What would be the Odds on roulette if say all I wanted to do was make and stop at 200 dollars by placing 5 dollars on 1-12 and 5 dollars on 2-12 with a progression of 5 $5-$25-$125 and starting back a 5 dollars if the 125 didn't hit. Reason being starting over after 125 I figure I wouldn't have that much of a hole to dig myself out of especially If it hits 1-12 at 125 dollars

1-12 and 13-24, I hope you mean?

What do you mean odds? Probability of success depends also on how much you're willing to lose.

Probability to lose one bet specifically is 14/38, since you'd have 24 numbers covered. Losing 3 in a row is (14/38)^3. So slightly more likely than 5% to lose 3 straight.

Question 1: what's your initial bankroll? You're more likely to make 200 if you're willing to risk 5000 than if you're only willing to risk 500.
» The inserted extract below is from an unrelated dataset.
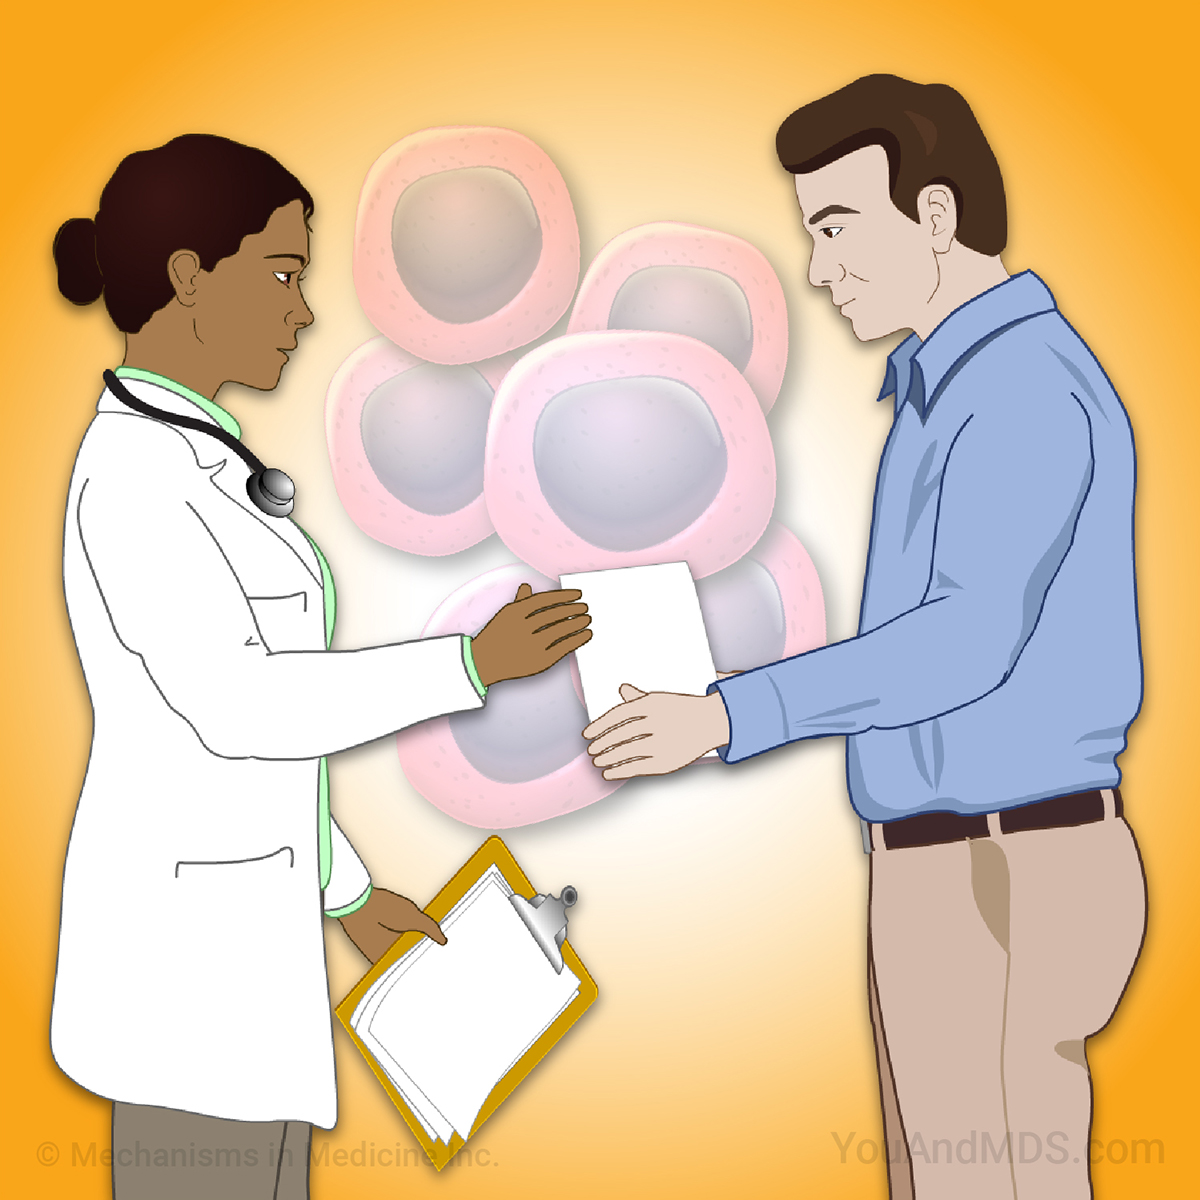 Learn about a variety of topics on Myelodysplastic Syndromes  through short animations.

Question 2: if one of your two bets wins, do you reset just that bet, or both of them?
For example, if your first bet is 5 on 1-12 and 5 on 13-24, and the number is 10, is your next bet 5 on 1-12 and 25 on 13-24, or 5 each on both of them?

Quote: rivbogambler

What would be the Odds on roulette if say all I wanted to do was make and stop at 200 dollars by placing 5 dollars on 1-12 and 5 dollars on 2-12 with a progression of 5 $5-$25-$125 and starting back a 5 dollars if the 125 didn't hit. Reason being starting over after 125 I figure I wouldn't have that much of a hole to dig myself out of especially If it hits 1-12 at 125 dollars

https://wizardofvegas.com/member/oncedear/blog/#post1370 gives you an approx answer

Lets say with a bankroll of 5000 with a progression of 5 x on 1-12 and 13-24 with a starting bet of 10 so 5 dollars on each being 5 25 and I would start back over at 125 even if it still lost reason being I figure it would not take as long climbing out of a 310 dollar hole from the previous bets. I'm just trying to figure the math of it hitting the 0s or 3rd 12 3 times in a row

It didn't really give me the answer I was looking for but it did help thanks

Quote: rivbogambler

It didn't really give me the answer I was looking for but it did help thanks

Hi,
I'm afraid you do need to state the bankroll that you are prepared to put 'at risk' before it is in any way possible to answer your question.

Quote: rivbogambler

Lets say with a bankroll of 5000 with a progression of 5 x on 1-12 and 13-24 with a starting bet of 10 so 5 dollars on each being 5 25 and I would start back over at 125 even if it still lost reason being I figure it would not take as long climbing out of a 310 dollar hole from the previous bets. I'm just trying to figure the math of it hitting the 0s or 3rd 12 3 times in a row

RS answered the question of losing 3 in a row: (14/38)³ = 343/6859 = 0.05001

Now the question of winning $200 with such a system, assuming the following:
-Bankroll of $5000
-Both bets resets to $5 after any of them wins
-If the available bankroll is not enough to cover the bet, the largest bet is made with the remaining bankroll
-Likewise, if the difference between $200 and the current winnings is less than the bet, the smallest bet that will reach the goal on a win is made

After 100,000 simulations with those assumptions (hopefully done correctly):
12408 lost $5000
13087 lost $4995
41614 won $200
32891 won $205

For an expected loss of $1123

Basically a 25.5% chance to lose $5000 and a 74.5% chance to win $200.

Thank you